PROVIDED DATA:
□ □ □

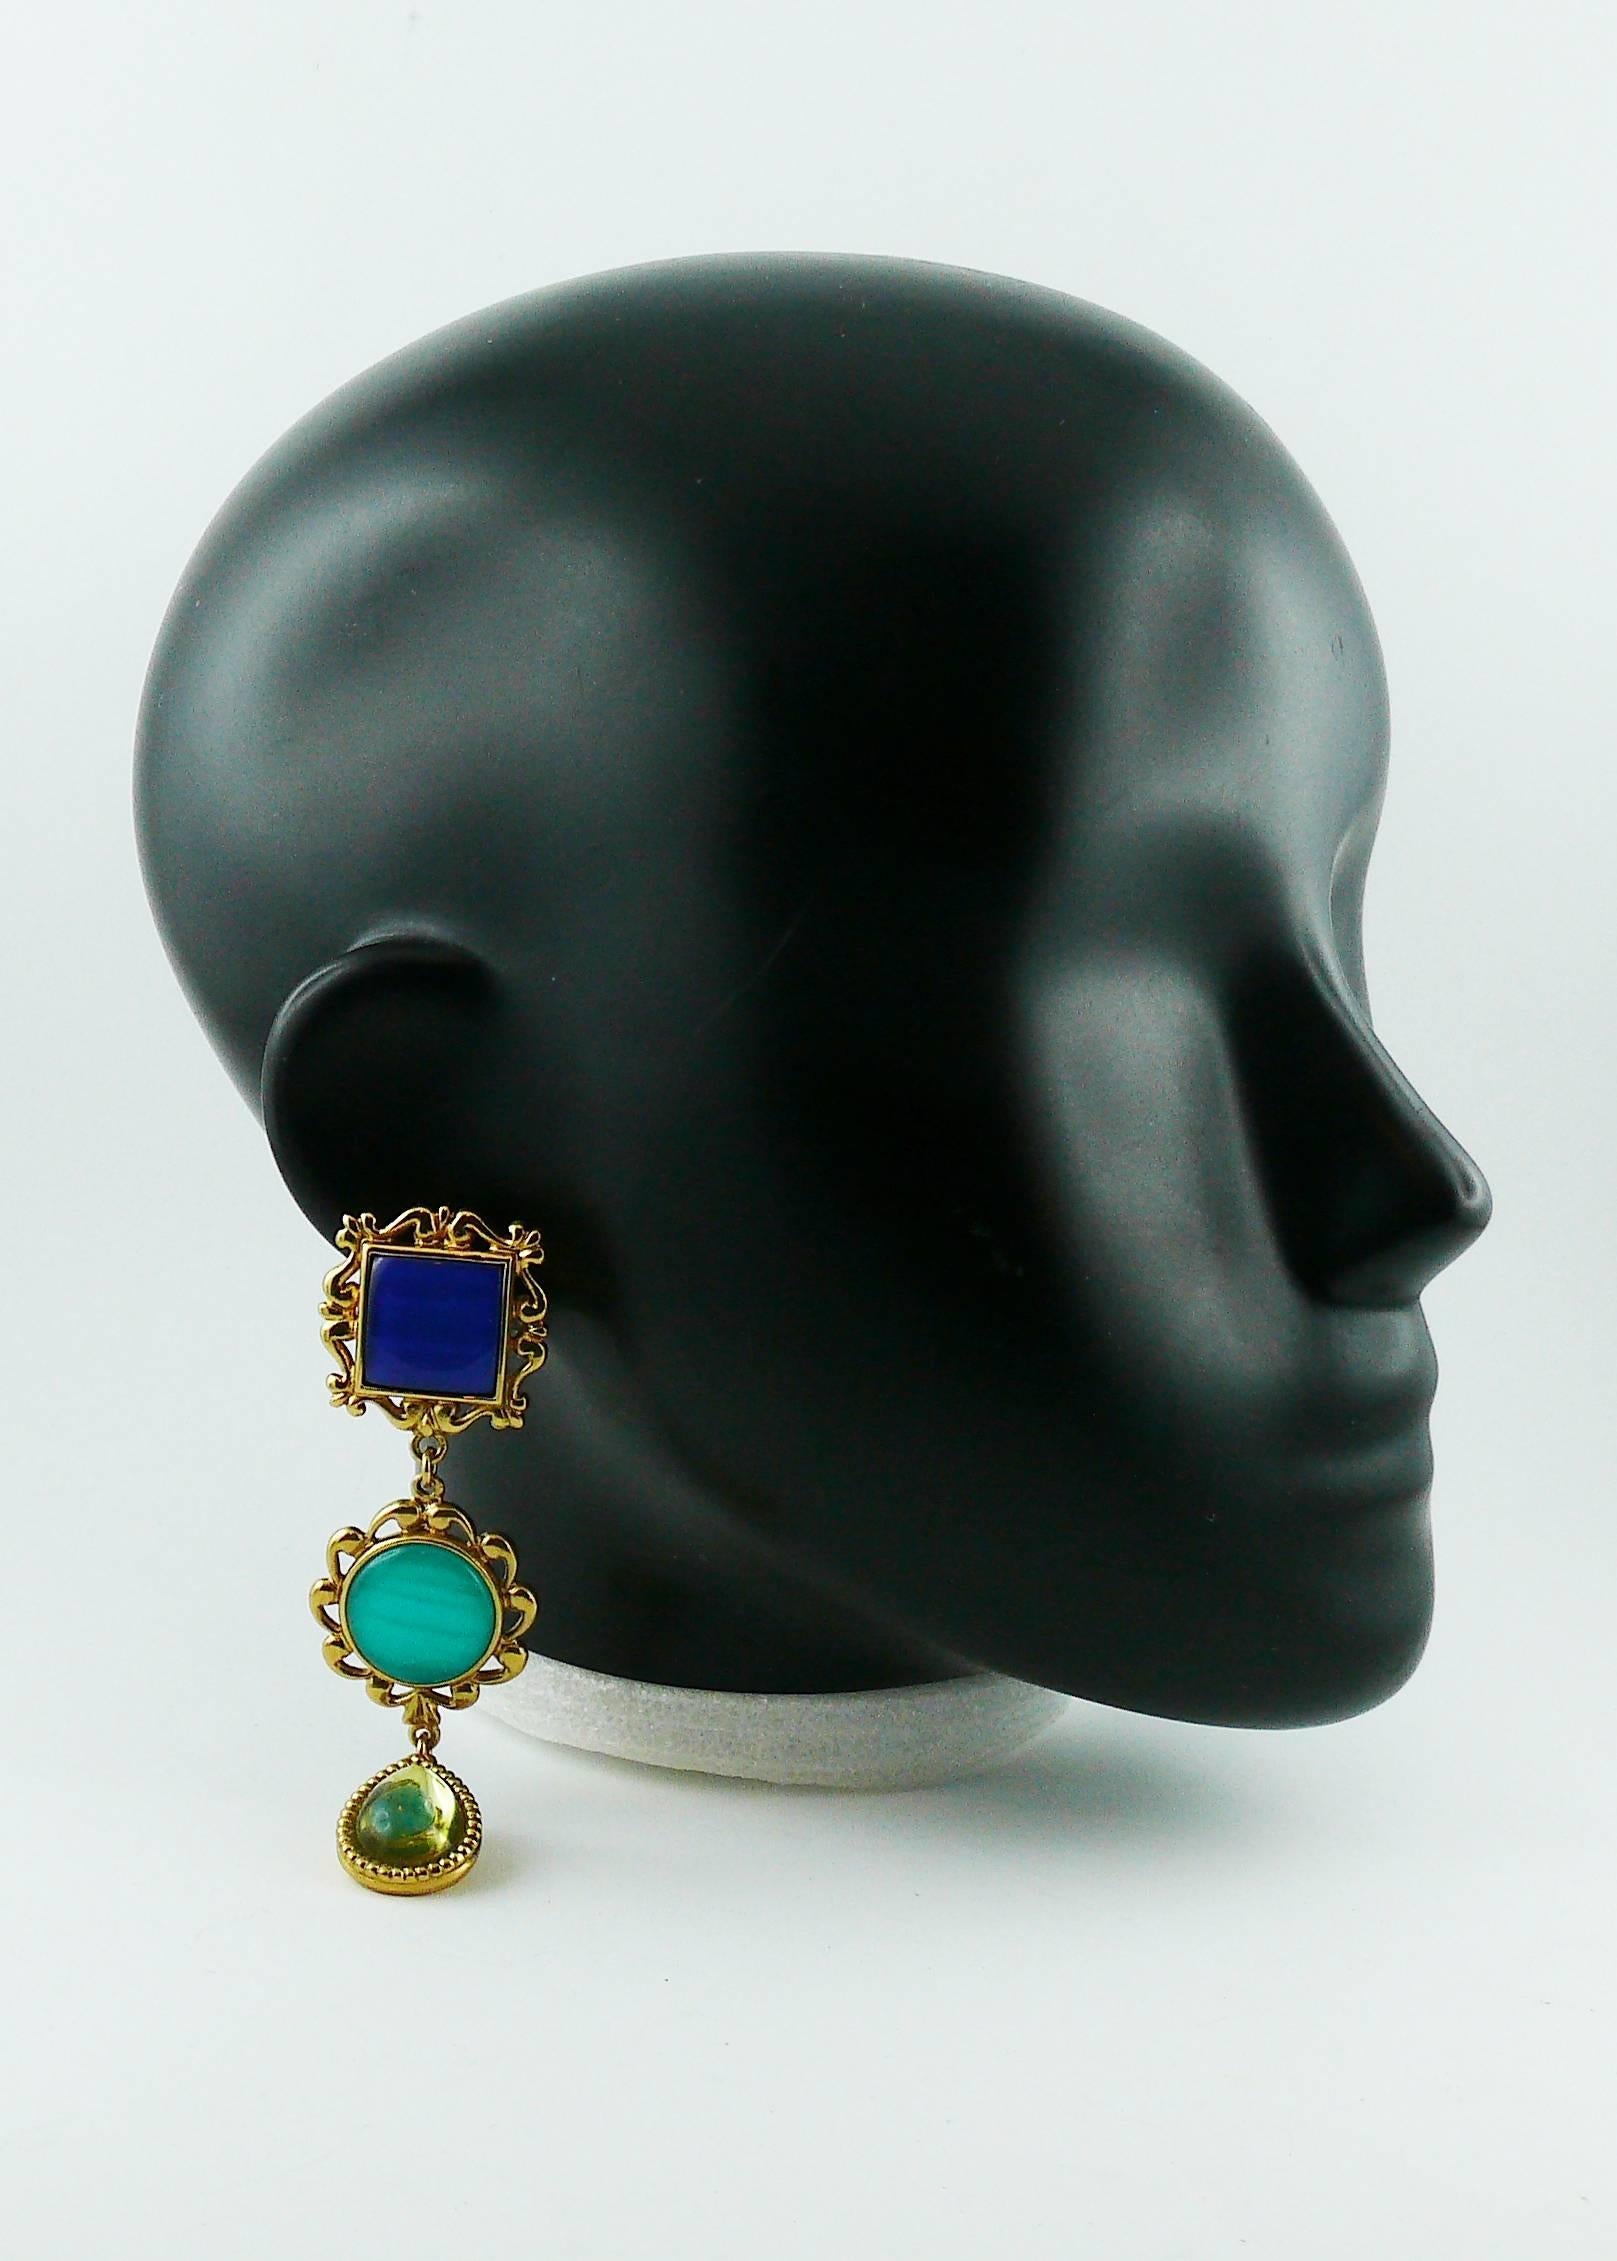 YVES SAINT LAURENT vintage gold toned dangling earrings (clip-on) featuring multicolored gometric elements (square in blue, circle in turquoise and pear in light olive).

Marked YVES SAINT LAURENT Made in France.

Indicative measurements : height

□ □ □

Using the material above, reproduce exactly the line that contains "Marked YVES SAINT LAURENT Made in France." and all lines after it through the last one, and only those.

Marked YVES SAINT LAURENT Made in France.

Indicative measurements : height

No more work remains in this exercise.